A paper released today by The School of Public Policy and authors Mahdi Ebrahimi Kahou and Alfred Lehar examines a review of macroprudential policy literature, its objectives and the challenges that a macro-based framework needs to overcome. In particular, the report identifies two key challenges for macroprudential stability in Canada. First being that housing prices and personal debt levels of Canadians are at a high level. Any sudden corrections might pose a challenge for the financial system and policymakers should continue to address this type of systemic risk. Second, while the Canadian banking system was not severely implicated in the recent financial crisis, stronger linkages may pose a larger threat to Canadian financial stability in the future.
According to the paper, the frequent occurrence of financial crises and their consequences has led many to suspect that the existing financial regulatory framework is not sufficient to insure the stability of the financial system as a whole and by looking at individual institutions in isolation, risks are overlooked that are only visible at the system level.

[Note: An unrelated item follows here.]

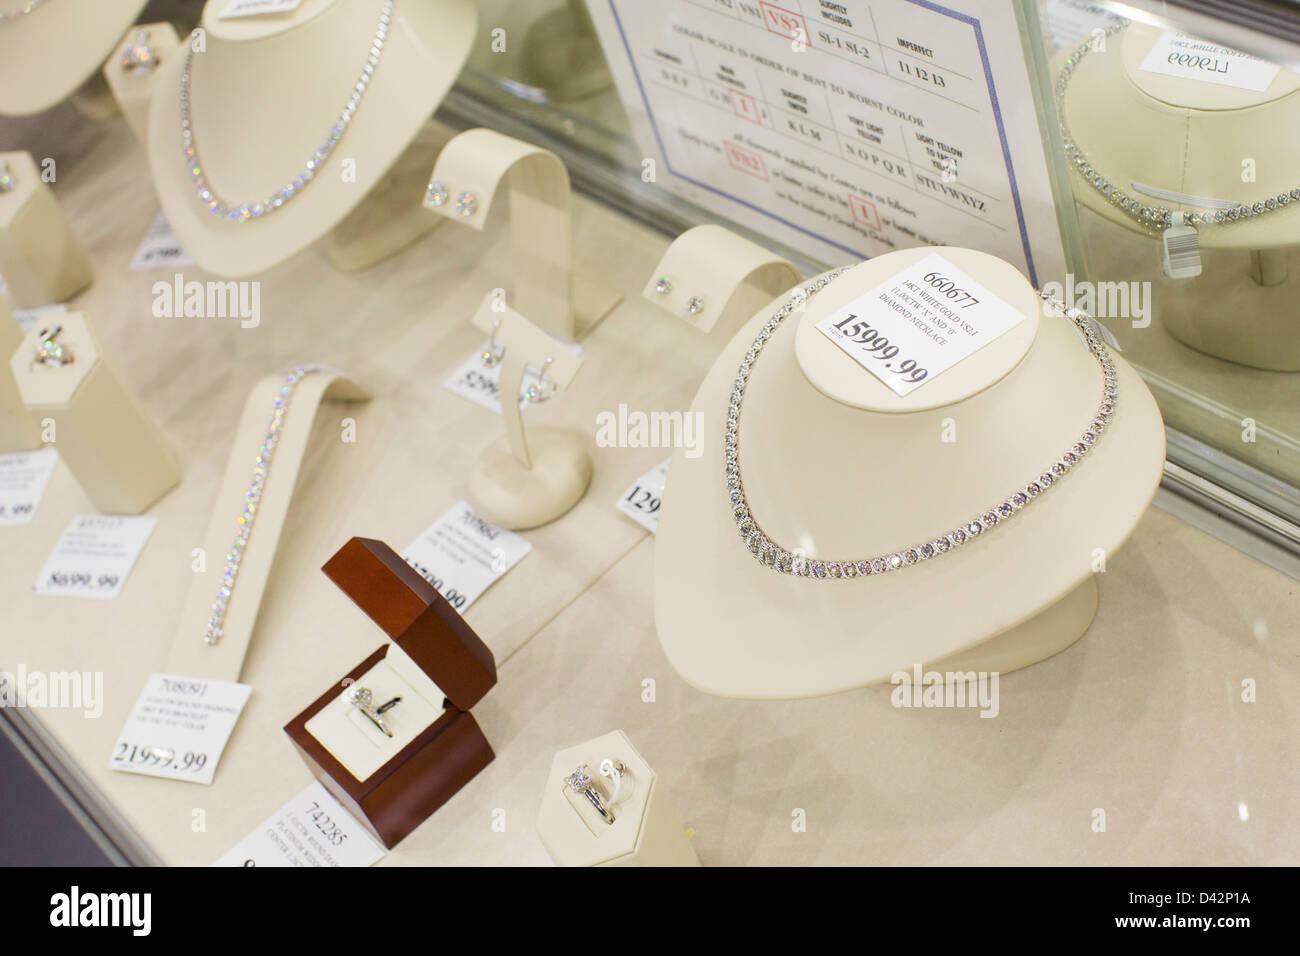 Diamond jewelry on display at a Costco Wholesale Warehouse Club. - Stock Image

Macroprudential regulation is the correct approach to ensure the long run stability of the financial system. Instead of focusing only on the individual bank as a standalone entity, regulators must see the system as a whole and limit threats to financial stability. While we now know substantially more about systemic risk than just 10 years ago, many questions remain to be addressed. Macroprudential policy, as an attempt to address this concern, must remain a mandate for policymakers.